◆ **EXERCISE DESCRIPTION**: Give back the full listing, character for character, with no pictures.

◆ **INPUT DATA**:
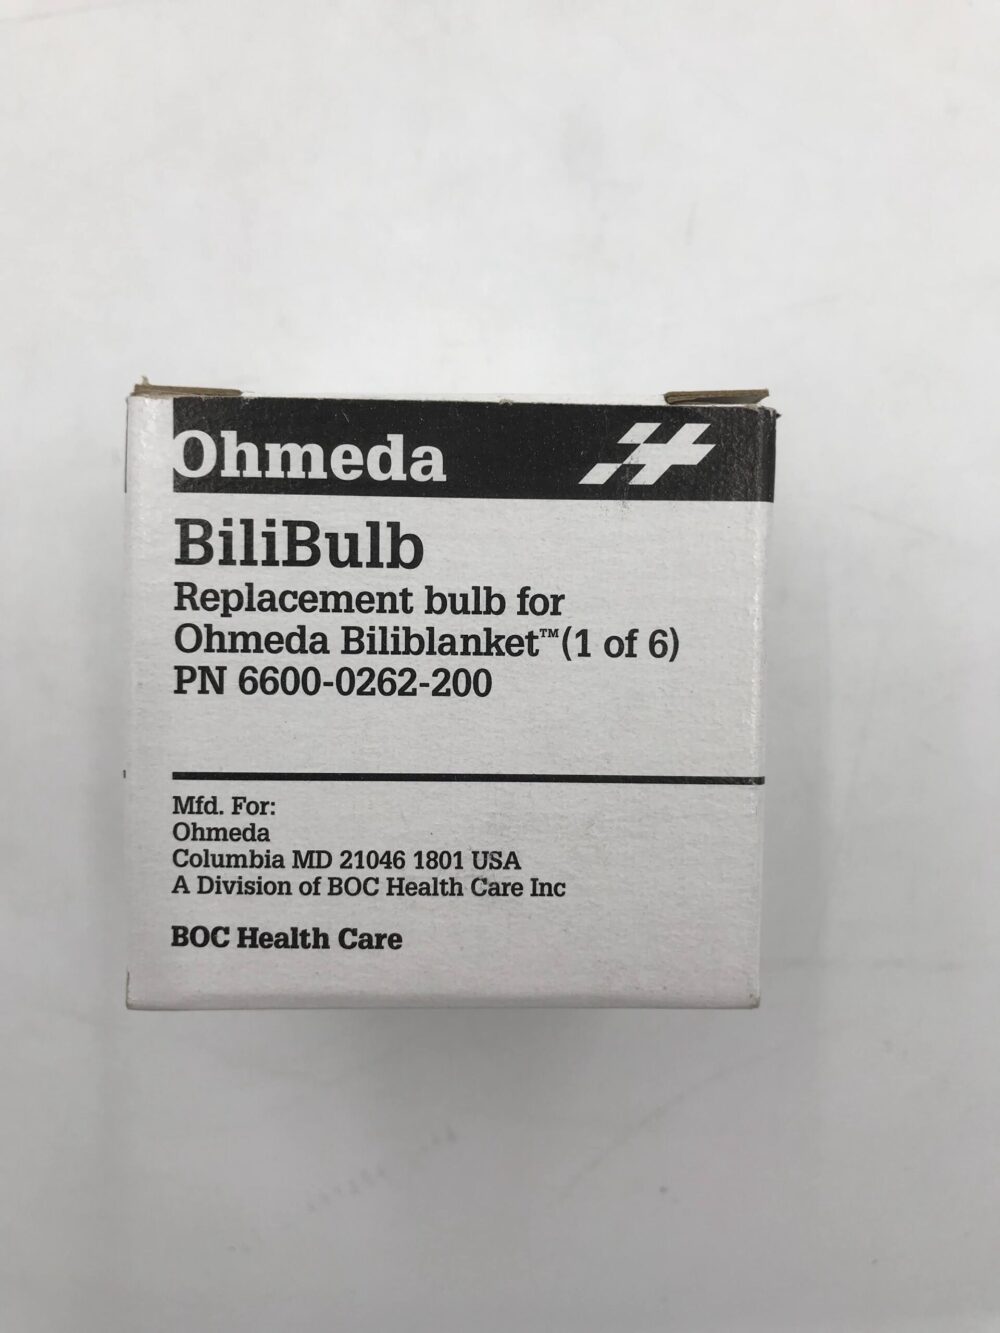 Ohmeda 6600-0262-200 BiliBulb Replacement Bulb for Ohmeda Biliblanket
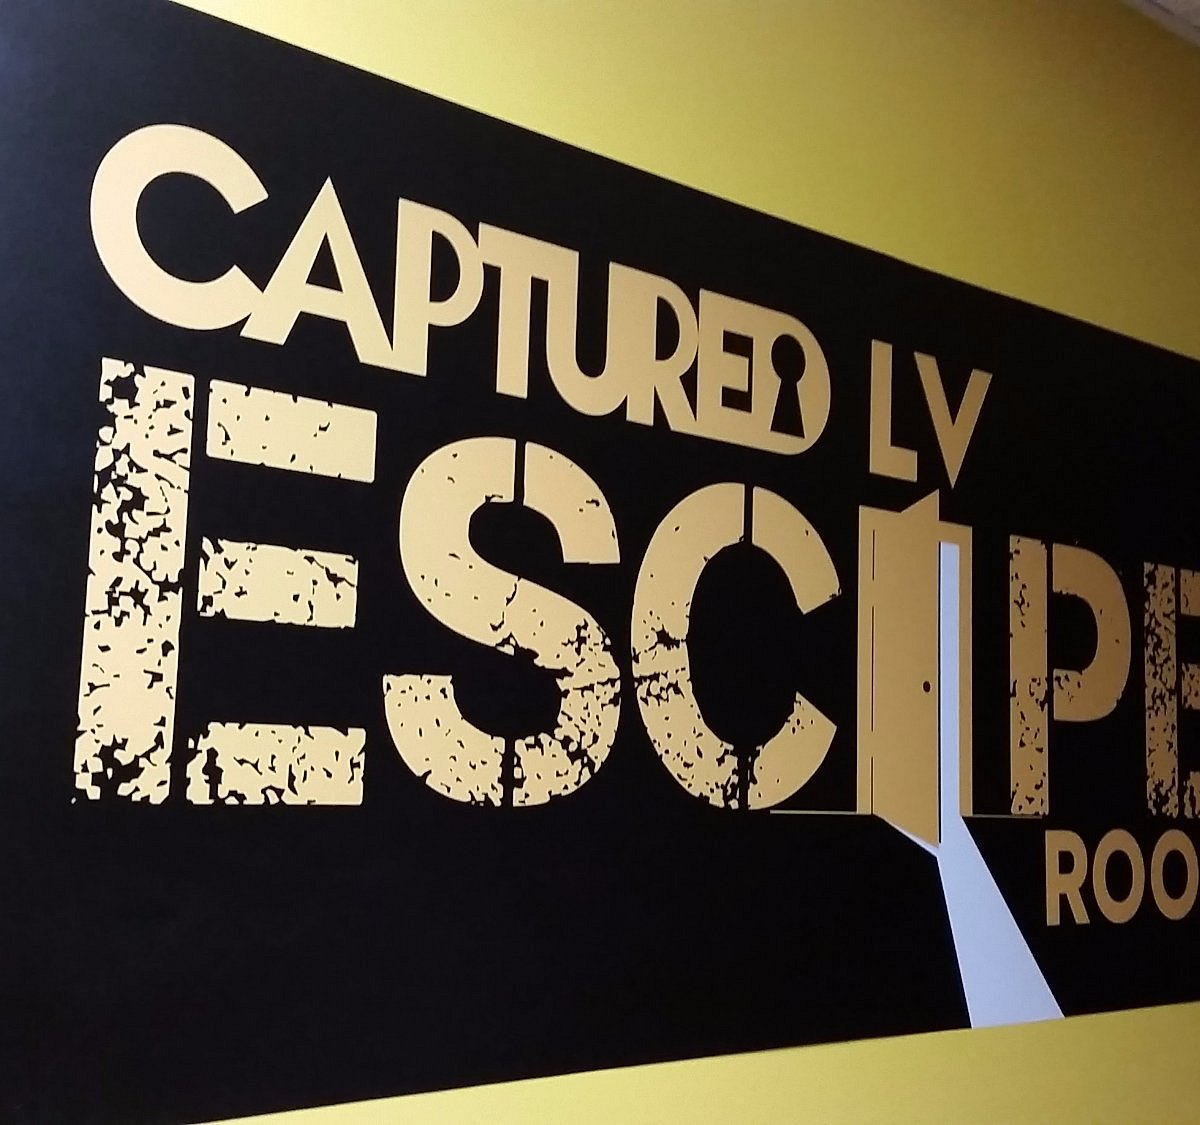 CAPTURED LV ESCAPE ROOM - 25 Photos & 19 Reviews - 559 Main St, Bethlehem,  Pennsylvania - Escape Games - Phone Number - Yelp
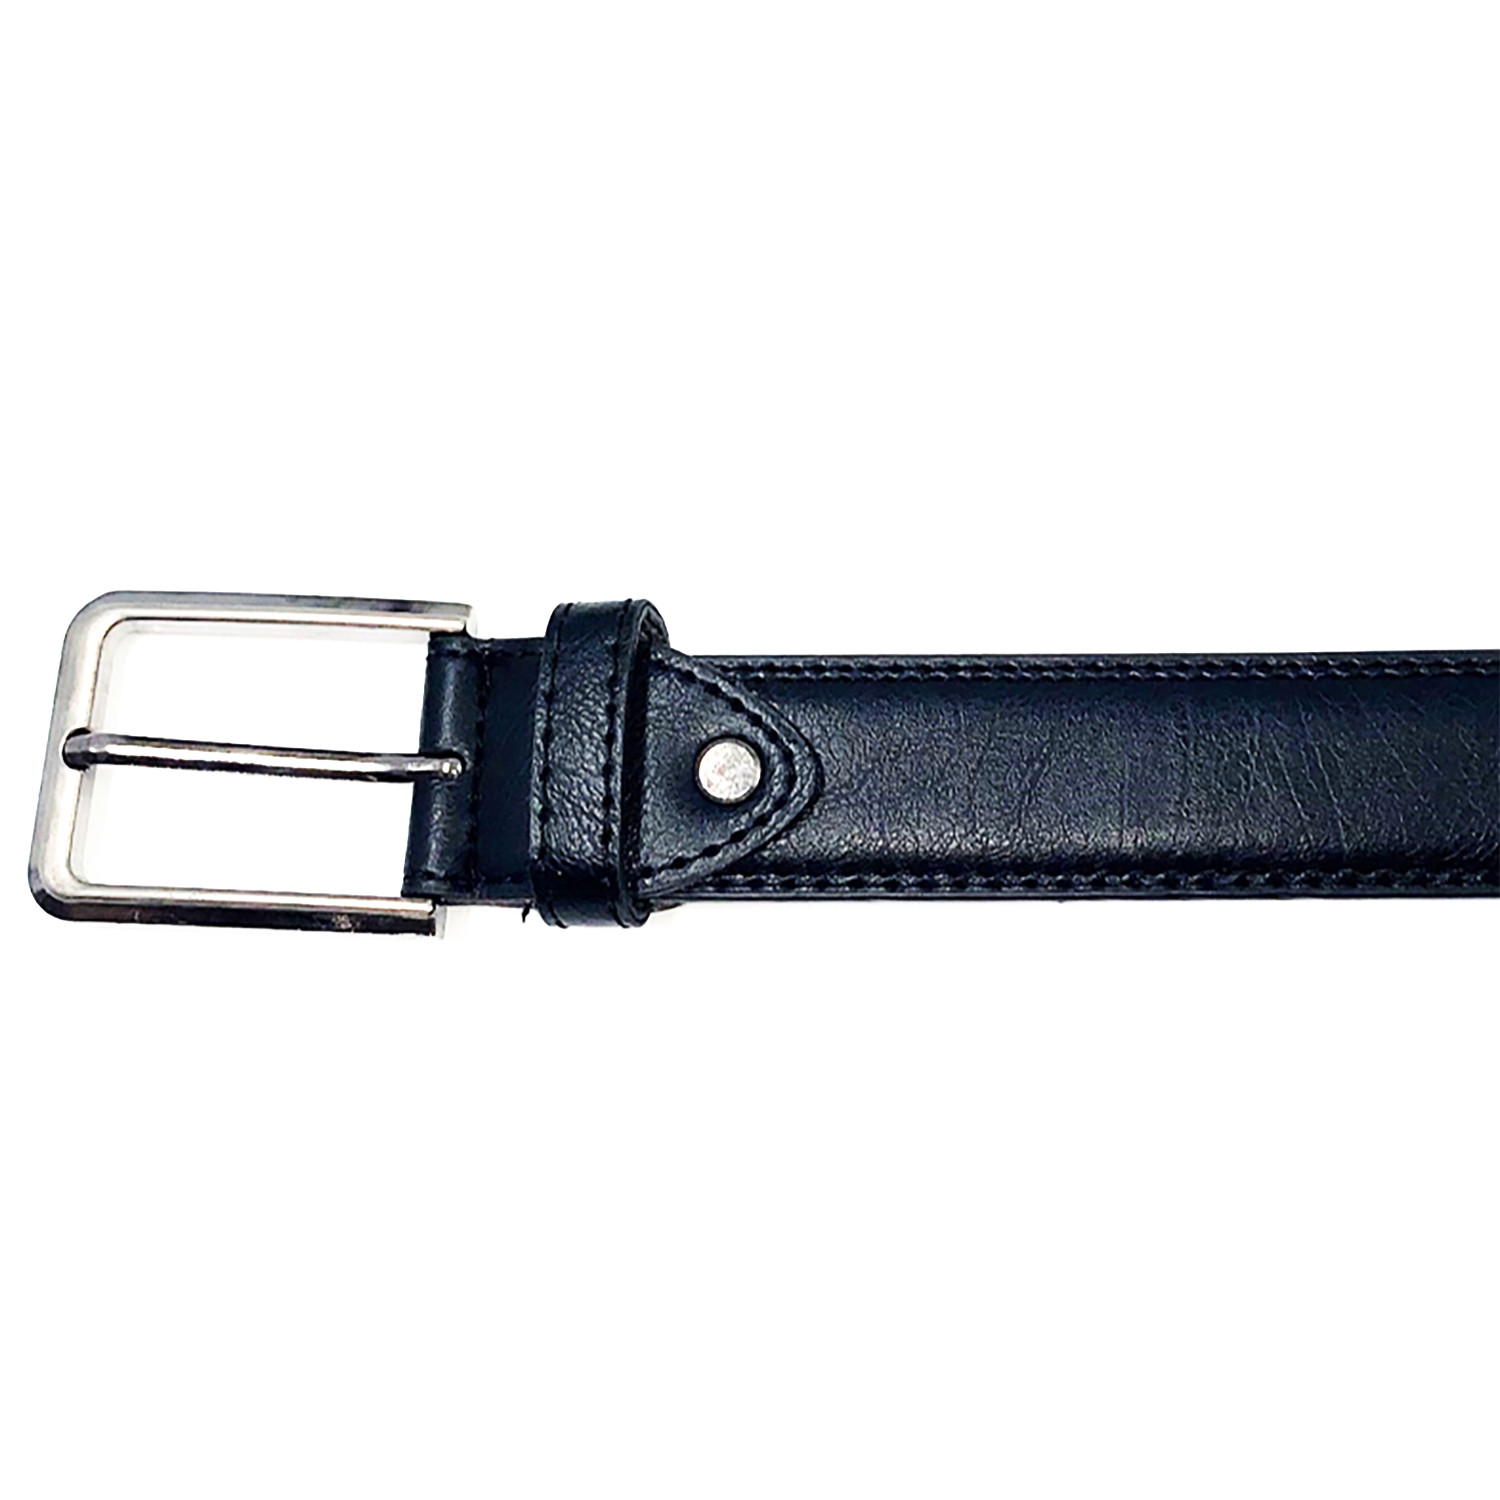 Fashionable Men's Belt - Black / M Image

◆ **RESULT OF THIS TASK**:
 Ohmeda 6600-0262-200 BiliBulb Replacement Bulb for Ohmeda Biliblanket
 CAPTURED LV ESCAPE ROOM - 25 Photos & 19 Reviews - 559 Main St, Bethlehem,  Pennsylvania - Escape Games - Phone Number - Yelp
 Fashionable Men's Belt - Black / M Image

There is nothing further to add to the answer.